While our three-branch system of government may seem dysfunctional at times, it serves to keep both the executive and legislative branches from assuming excessive powers.
Blaming the congressional impasse over the debt crisis on James Madison is the same as blaming George Bush for all of the Obama administration’s problems.
DON’T BLAME MADISON
By Dennis Hale
politicalmavens.com
August 4, 2011
Boston College Law Professor Kent Greenfield observed recently on the Huffington Post that if you are looking for someone to blame for the debt crisis, pick on James Madison. Why? Because Madison and his Federalist allies were so afraid of “factions” that they separated the government into three branches, and then divided the legislative branch into two houses. This would make it difficult for the government to do things, Greenfield concludes, and therefore less likely to do the wrong things.
The claim that America’s ‘divided government’ is less efficient than the parliamentary governments found elsewhere in the democratic world has been an important feature of liberal commentary since at least the days of Woodrow Wilson. Wilson was especially contemptuous of the power of congressional committees – and their imperious chairmen – to set the tone and direction of American government, while the president, a mere clerk by comparison, sat helplessly on the sidelines. The hopelessly antiquarian nature of American constitutionalism became a favorite theme of progressives, amplified by the rhetoric of Herbert Croly the theorist and Franklin Delano Roosevelt the practitioner.
A century later we are hearing the same theme again – maybe, just maybe, for the last time. For the plain and simple truth of the matter is that because of the American practice of separation of powers, it is possible for the legislature to chart a different course from that laid out by even a popular president. And because we have midterm elections, it is possible for a president’s course to be stopped dead in its tracks. In Europe, our parliamentary cousins, whose nations are drowning in debt, watch the United States Congress force upon a reluctant president a set of budget cuts, with no increases in either corporate or personal income tax rates, that dwarf what even British Prime Minister David Cameron has been able to accomplish at the head of a Conservative/Liberal coalition government (smaller cuts with increased taxes). As British journalist Toby Young put it recently, for “British conservatives, the US debt deal is a thing of beauty.”

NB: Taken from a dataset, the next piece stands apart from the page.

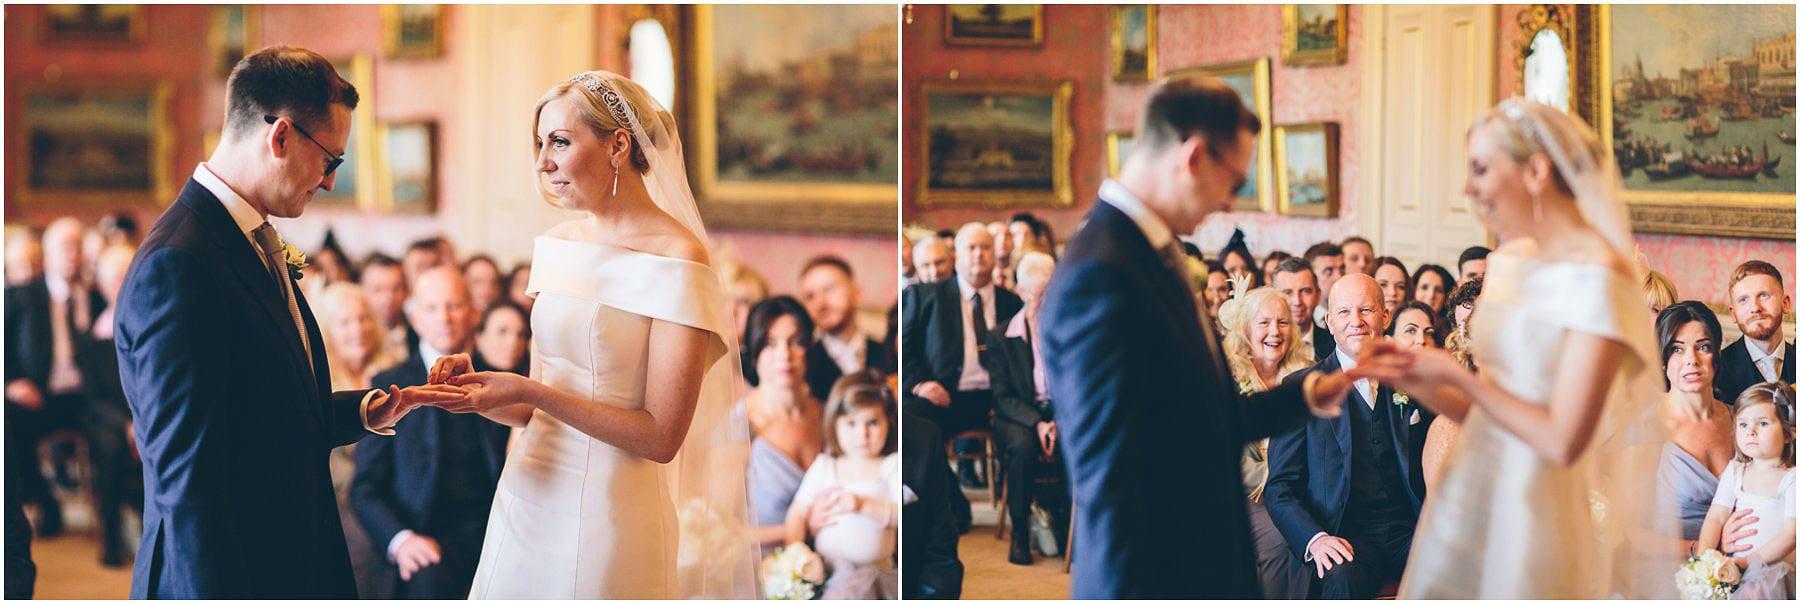 Capesthorne_Hall_Wedding_Photography_0048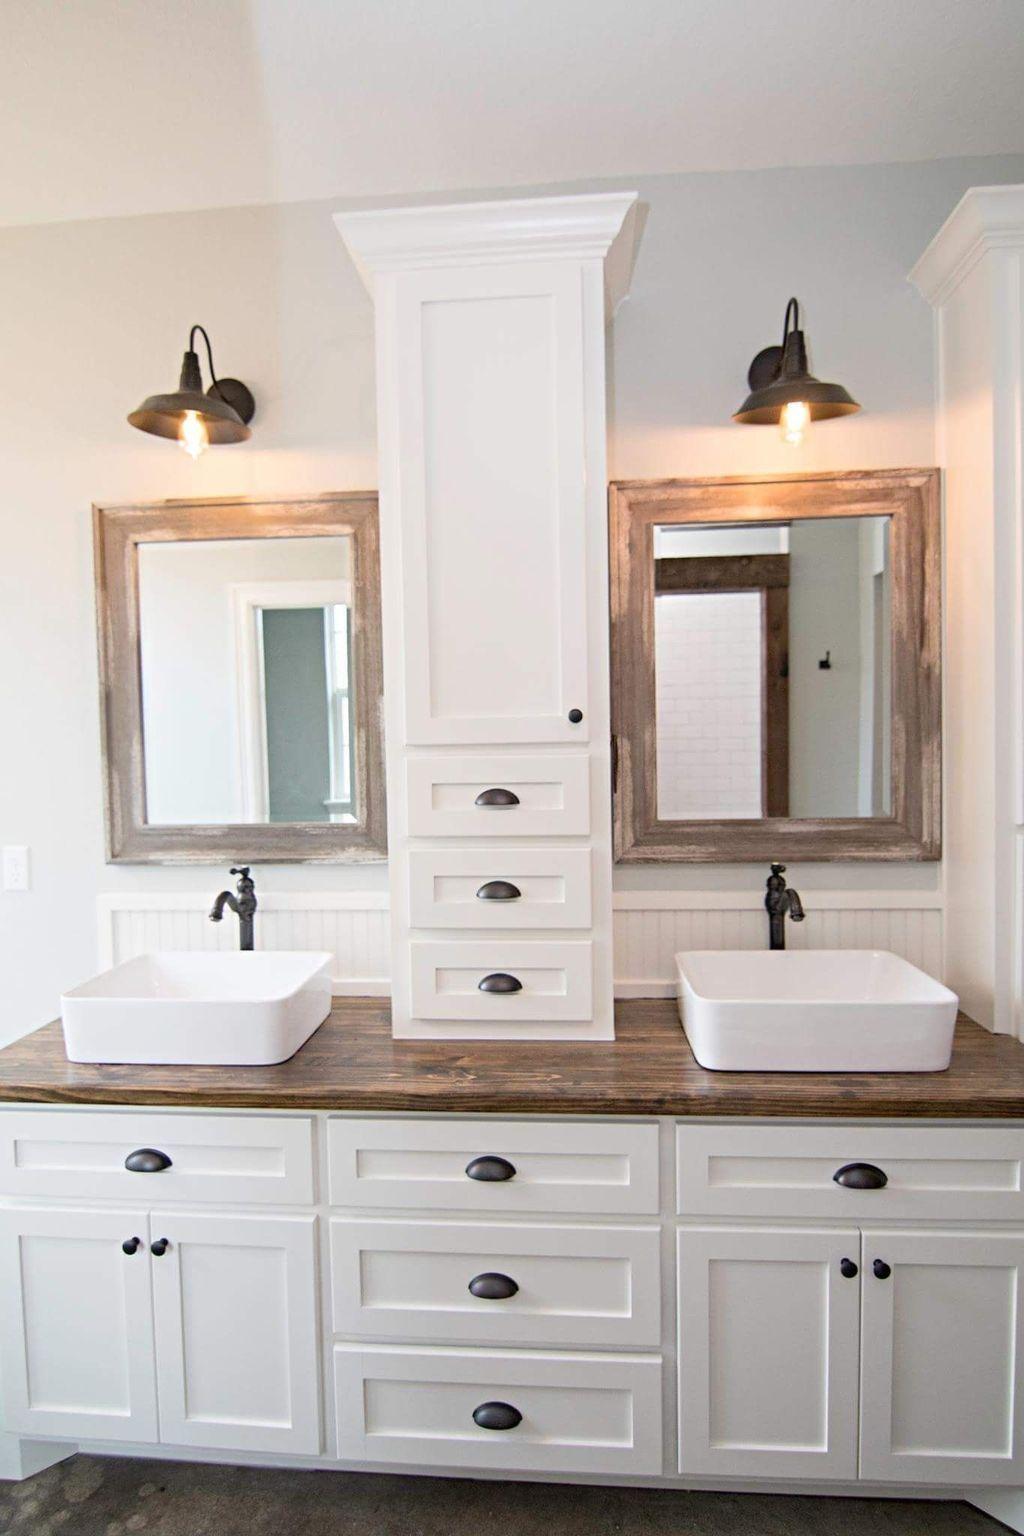 30 Awesome Master Bathroom Remodel Ideas On A Budget Coodecor Modern Farmhouse Bathroom Bathroom Vanity Designs Bathroom Remodel Master

What about the claim that divided government makes it hard for the US government to “get anything done.” It is true that nationalizing health care was much more difficult in the US than in Britain. Clement Attlee’s post-war Labor government promised a national health service in the 1944 election, and enacted the program into law in what was, by comparison to the American experience, a matter of moments. By contrast, what President Truman dreamed of in 1948 was not accomplished (a form of it, at any rate) until 2009. On the other hand, many in Britain no doubt wish that Parliament had had a chance to give the matter a little more thought, given a crumbling infrastructure, crushing debt, and rationing of service.
But the US government did not achieve a $14 trillion debt by “doing nothing.” In fact, we have done too many things, too quickly and too thoughtlessly, in part because Democrats have dominated the conversation for such a long time, and in part because we have listened too readily to progressive blandishments about “streamlining” the political process. That circumstance has now changed dramatically: the conversation is no longer about “hope and change” – i.e., more public spending for more and more favored constituencies, paid for with borrowed and devalued money – but about fiscal sanity and a serious restructuring of programs that have been doomed from the outset. This is true not only in the US, but across Europe, where (to quote Toby Young again) majorities “in nearly all the world’s most developed countries simply aren’t prepared to tolerate the degree of borrowing required to sustain generous welfare programmes any longer.” Yet it is here, in the old-fashioned Madisonian republic, that the tide has finally turned, a direct consequence of the mid-term elections in 2010.
So raise your glass one more time to Jimmy Madison – the smartest man in the room.